I have a situation where in a web application a user may need a variable list of PDFs to be printed. That is, given a large list of PDFs, the user may choose an arbitrary subset of that list to print. These PDFs are stored on the file system. I need a method to allow users to print these batches of PDFs relatively easily (thus, asking the user to click each PDF and print is not an option) and without too much of a hit on performance.

A couple of options I've thought about:

1) I have a colleague who uses a PDF library that I could use to take the PDFs and combine them on the fly and then send that PDF to the user for printing. I don't know if this method will mess up any sort of page numbering. This may be an "ok" method but I worry about the performance hit of this.

2) I've thought about creating an ActiveX that I would pass the PDFs off to and let it invoke the printing features.

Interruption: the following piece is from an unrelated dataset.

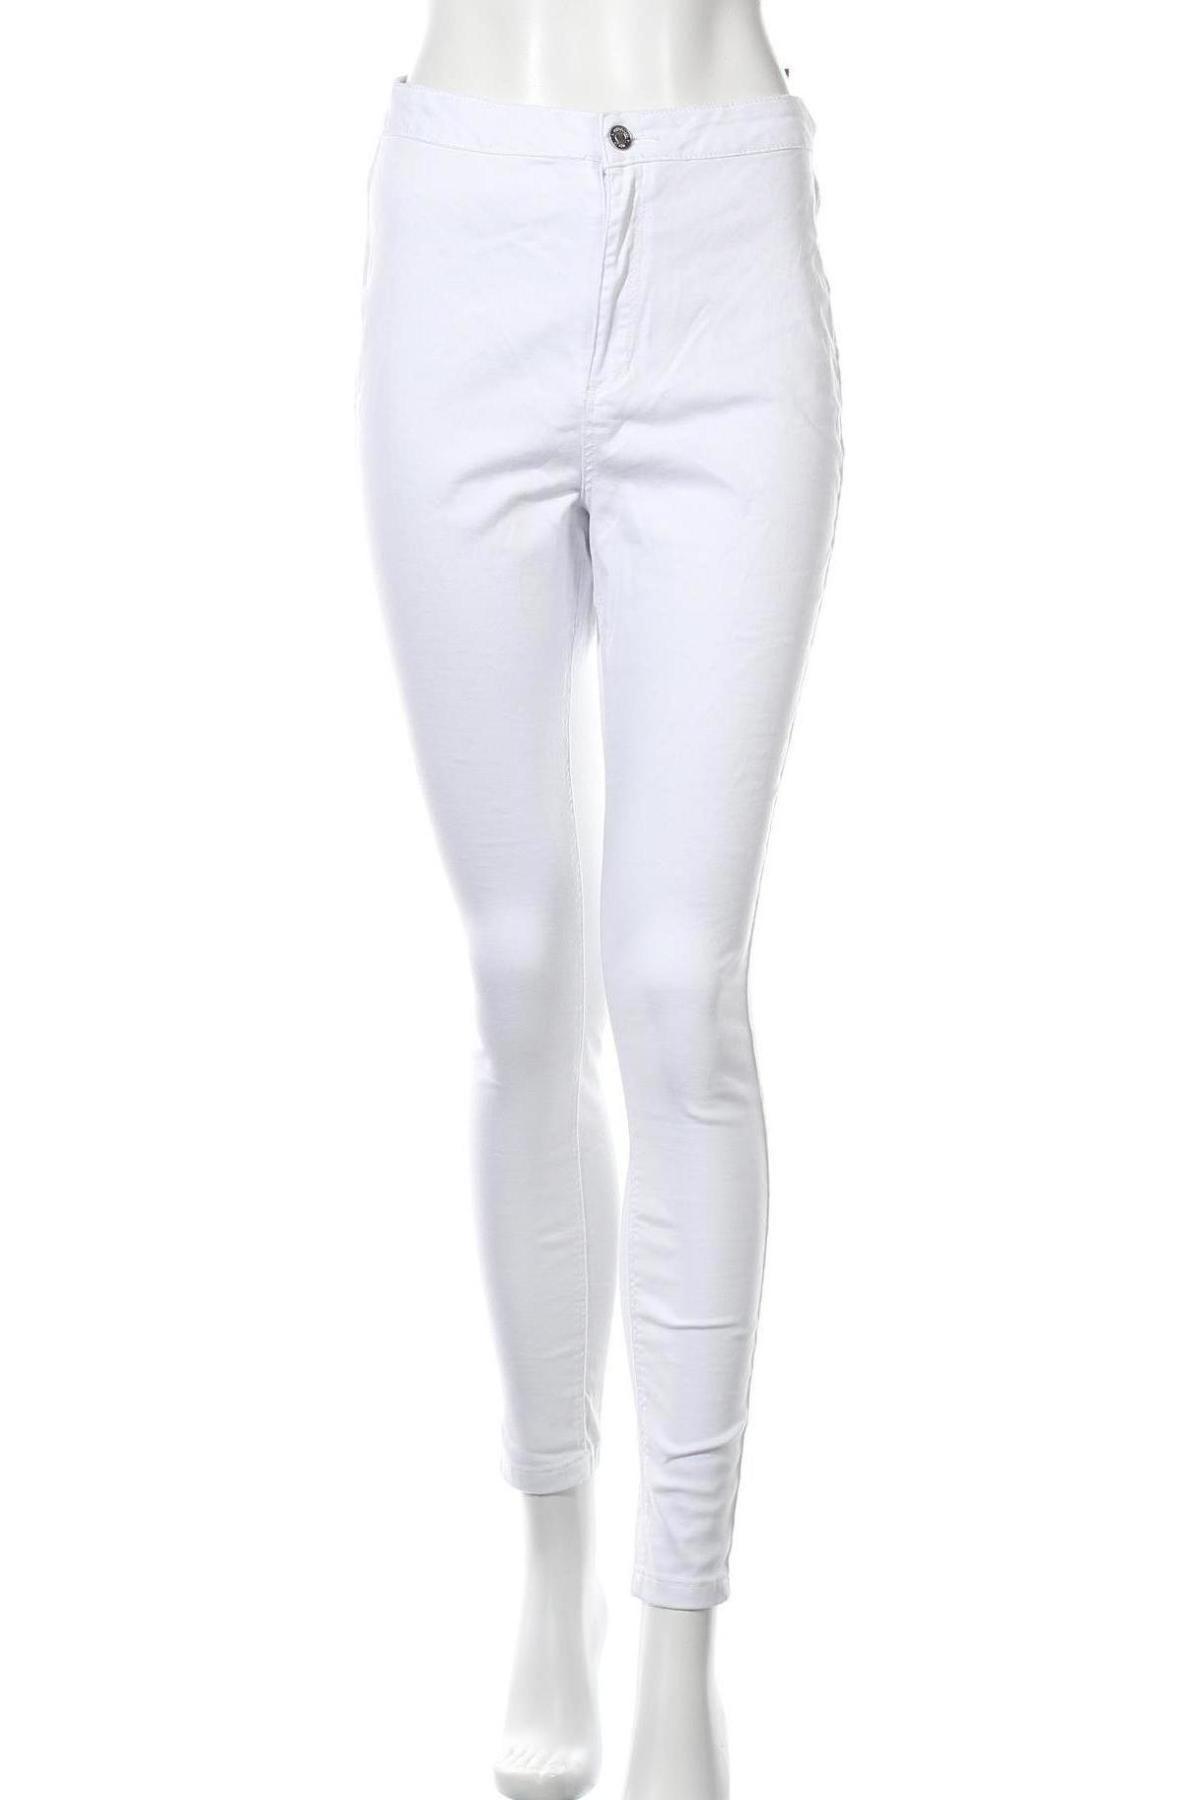 Дамски панталон Missguided, Размер L, Цвят Бял, 98% памук, 2% еластан, Цена 42,00лв.

My concern is that this is needlessly complex and may present some odd user interactions.

So, I'm looking for the best option to use in this scenario, which is probably not one of the ones I've gone through.

+3  A: 

The best solution I have for you is number 1. There are plenty of libraries that will merge documents. From the one I've used the numbering should not be an issue since all the pages are all ready rendered.

If you go with ActiveX you are going to limit yourself to IE which might be acceptable. The only other idea would be to use a smart client so you can have more control...then you could serve up the PDF's via a web service.

JoshBerke
+1  A: 

Print from the server, perhaps?

http://stackoverflow.com/questions/345224/printing-server-side-from-net-without-winforms

Quog
+1  A: 

I agree with #1. You could do some tests to see what the performance hit would be like.

Kevin Tighe
Yeah, I'll go with that and benchmark.
BobbyShaftoe
+3  A: 

I think concatenating the documents is the way to go. For tools I recommend iText#. Its free :) http://sourceforge.net/projects/itextsharp/

Andy Webb
Thanks, I have access to a commerical PDF library but if that is more complicated than I like, I'll look at iTextSharp.
BobbyShaftoe
Is there anyway to use the program in Mac/Ubuntu?